Dataset section |
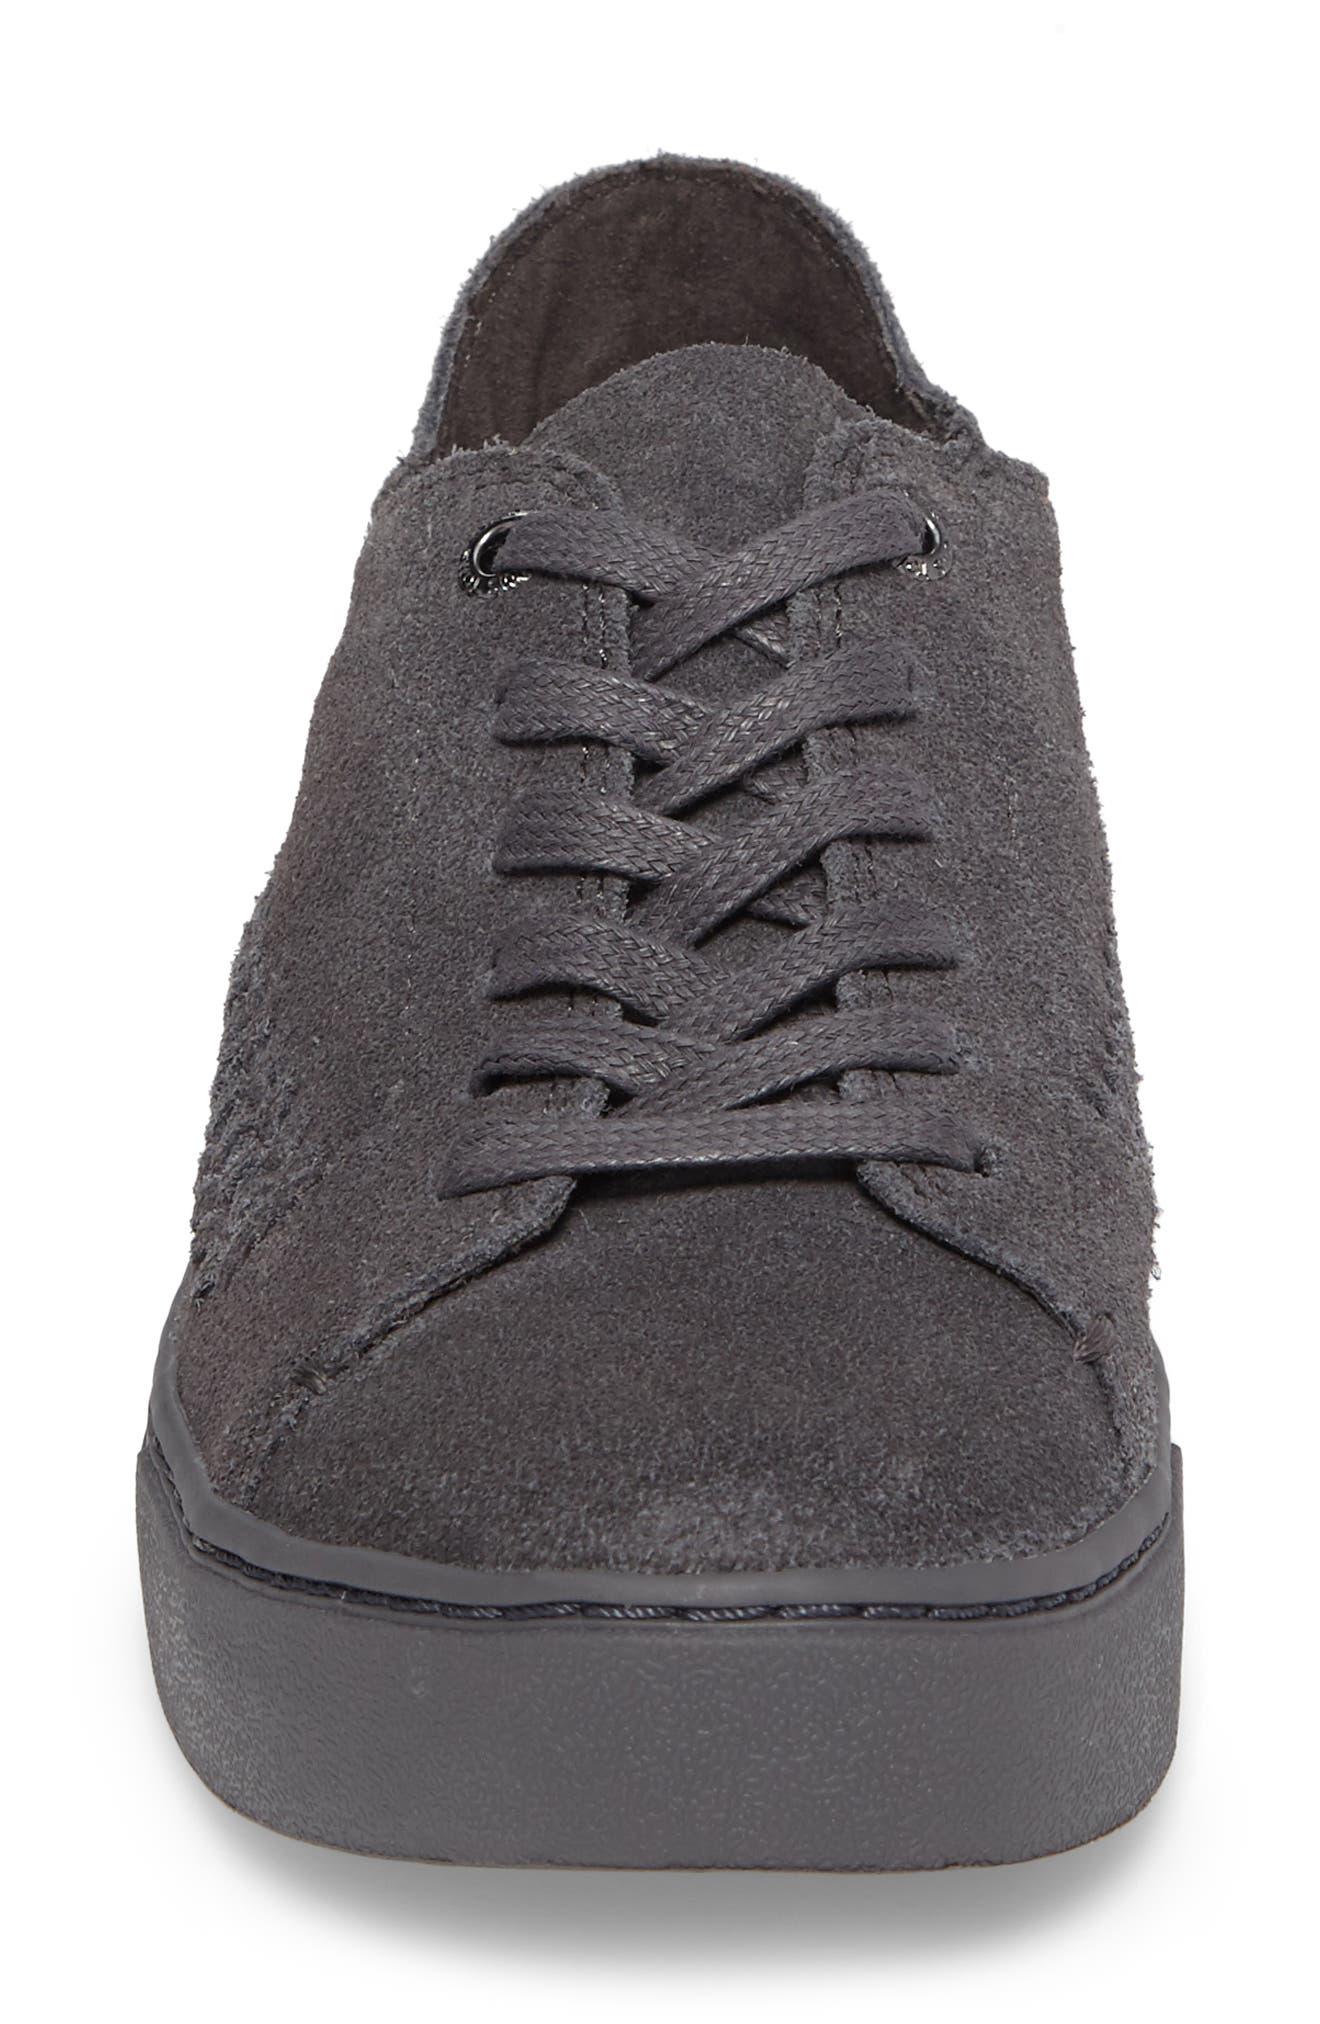 Lenox Sneaker,                             Alternate thumbnail 51, color,
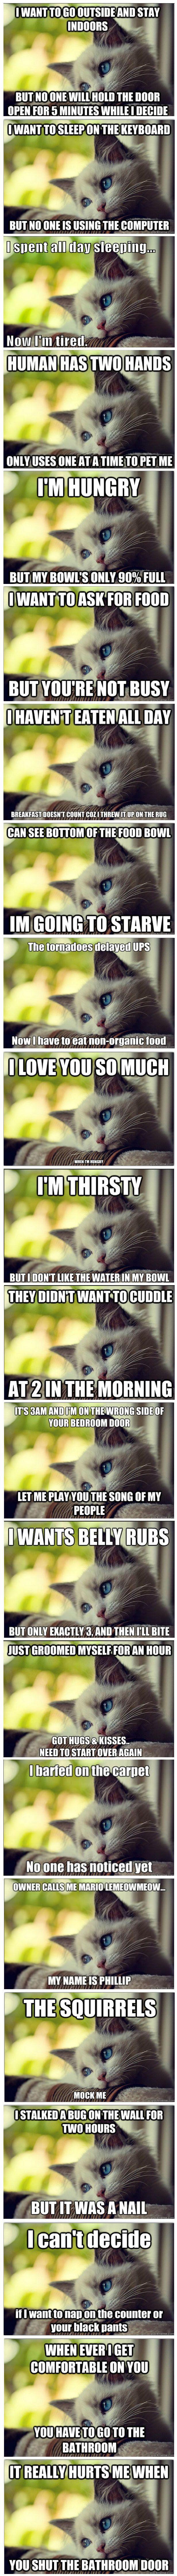 Ahh, the life of kitties!
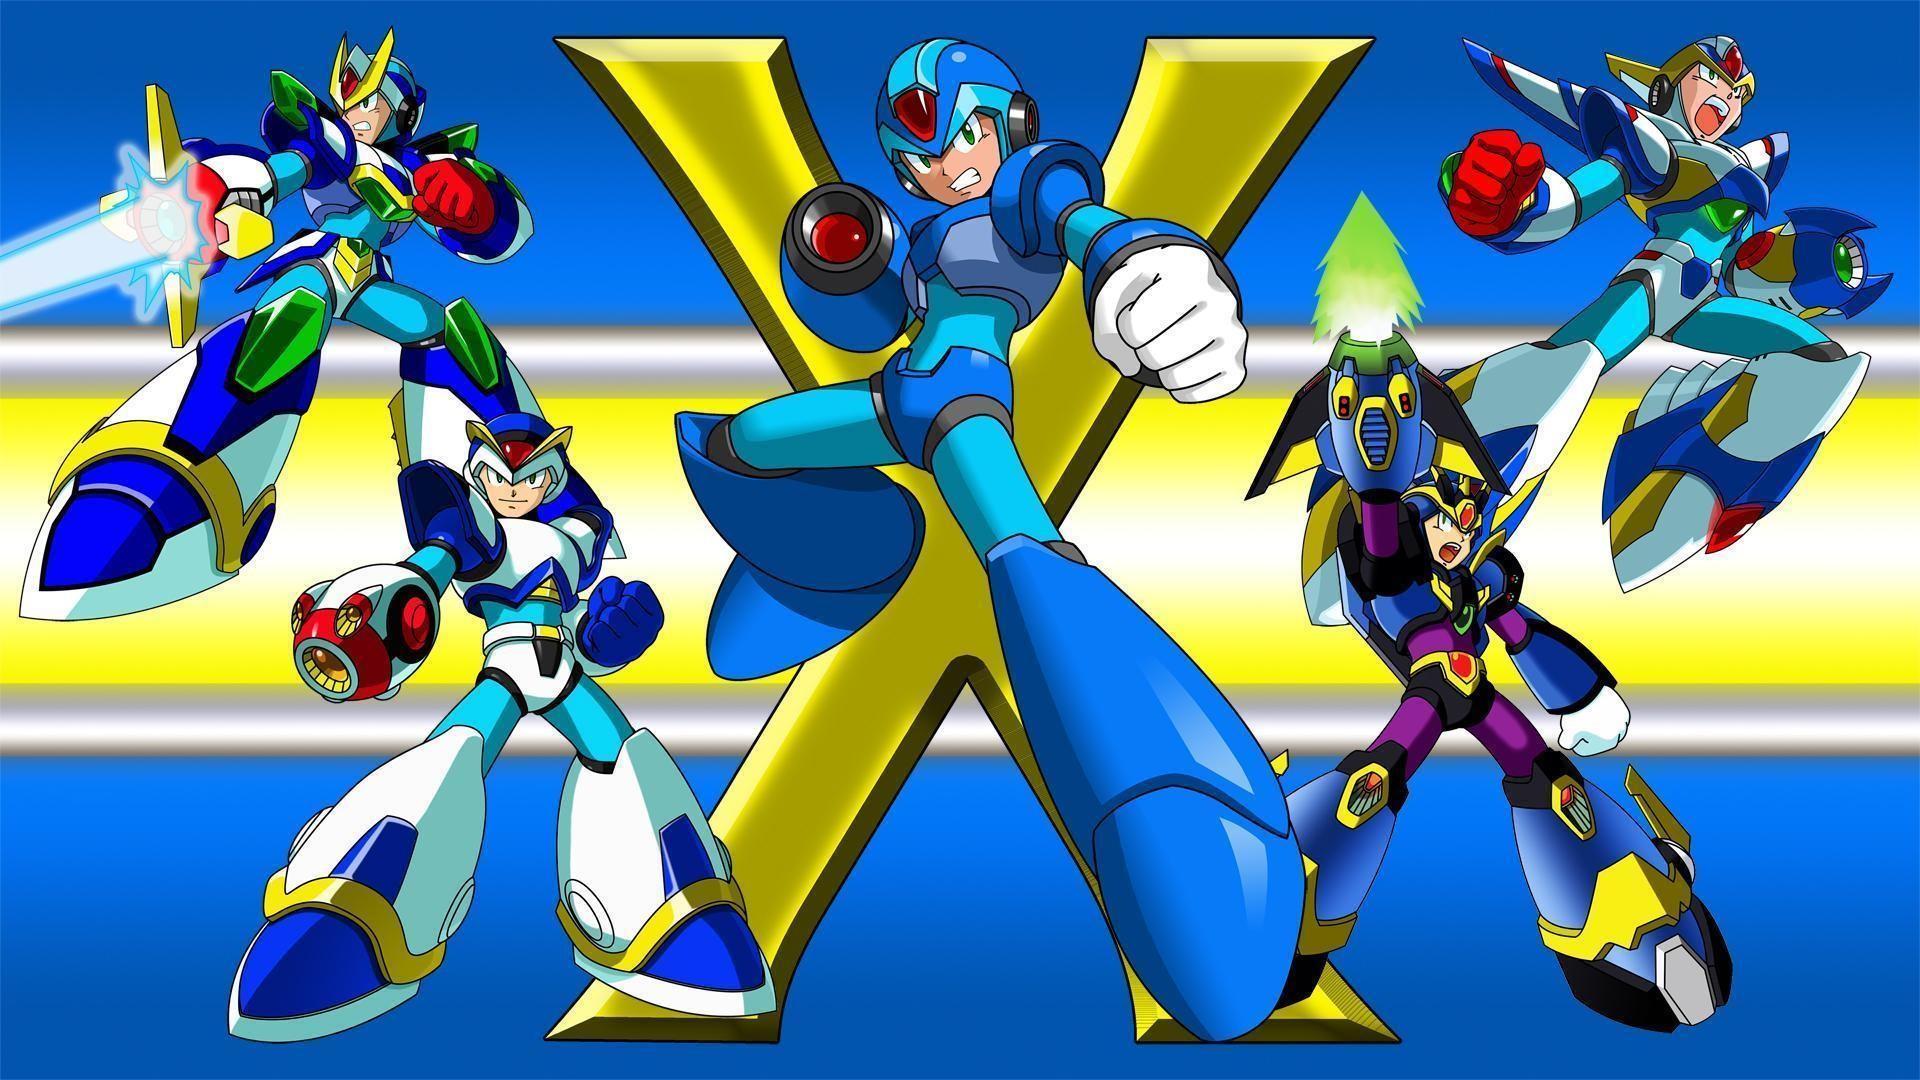 Megaman X Zero Wallpaper (69+ images)

What you will do |
Transcribe all of the listing precisely. The images stay out of it.

Completed task |
 Lenox Sneaker,                             Alternate thumbnail 51, color,
 Ahh, the life of kitties!
 Megaman X Zero Wallpaper (69+ images)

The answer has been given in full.